= Red Harvest (play) =

Red Harvest is a play in three acts by Walter Charles Roberts that uses pages from an American Red Cross nurse's diary detailing her experiences working with the Red Cross in France on the Western Front during World War I as its source material. Set in American Red Cross Hospital 111, a field hospital in Jouy-sur-Morin, the play takes place in 1918 at the time of the Battle of Château-Thierry. The play centers around the head nurse, Zinna Meek, as she struggles to lead the under staffed and under supplied hospital through a dangerous time when the hospital itself is experiencing air raids, shell fire, and a large crowd of severely wounded soldiers, many of whom are difficult surgical cases.

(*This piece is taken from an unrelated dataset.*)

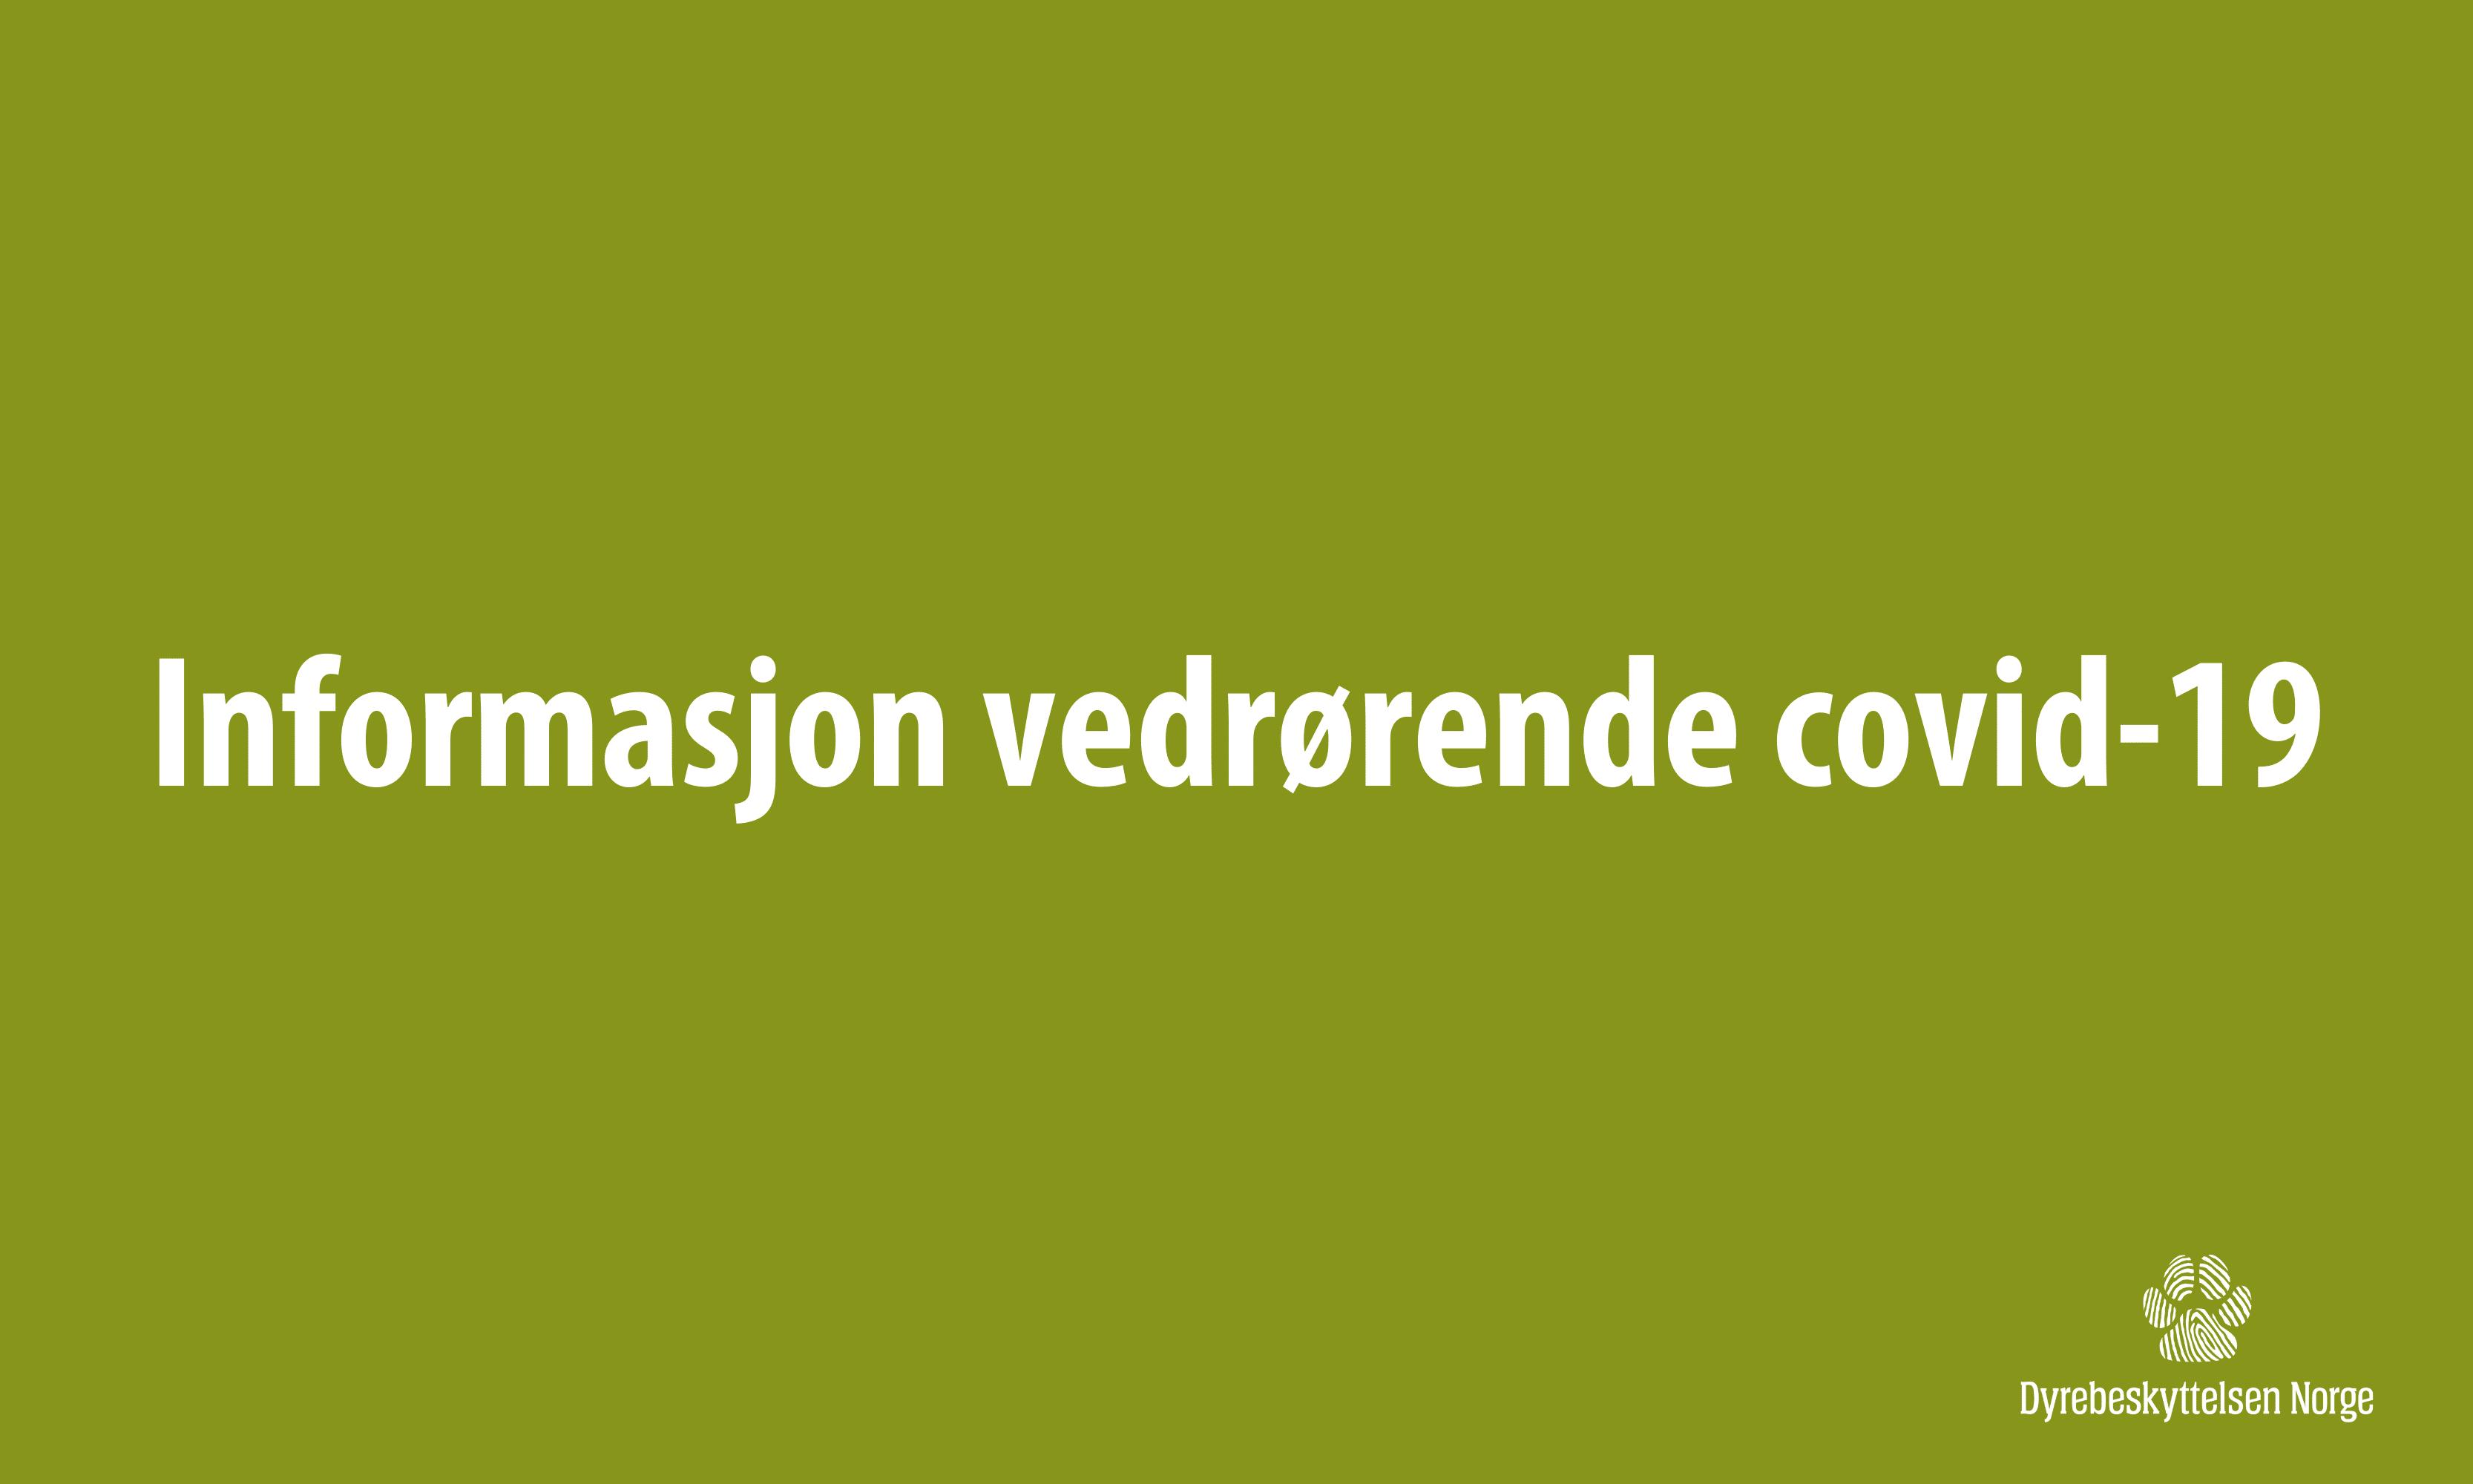 Informasjon vedrørende covid-19

Produced by Brock Pemberton and The Theatre Foundation of America, Red Harvest premiered on Broadway on March 30, 1937 at the National Theatre. The cast included Leona Powers as Zinna Meek, John Alexander as Sergeant Bennett, Walter Burke as Courier Rockman, Michael Carlo as Private Transky, Frances Creel as Sally Farrell, Malan Cullen as Charlotte Van Worter, Lloyd Gough as Private Hawley, Allan Hale as Private Breen, Jeanne Hart as Rose Clarkson, Martha Hodge as Carol Whiting, Phyllis Langner as Holly Farrell, Drue Leyton as Ruth Bissley, Elizabeth Love as Veronica Ellis, Robert Marcato as Courier, G.H.Q., Doro Merande as Belle Smith, Margaret Mullen as Dorothy Bruffel, Edwin Rand as Corporal Topley, Carl Benton Reid as Major McCann, M.C., C.O., Amelia Romano as Mary Luddy, Chester Stratton as Private Adams, Joan Sudlow as Soeur Therese, and Frederic Tozere as Major David Allison, M.C.

Roberts was the head of the drama department at Ithaca College at the time his play premiered on Broadway.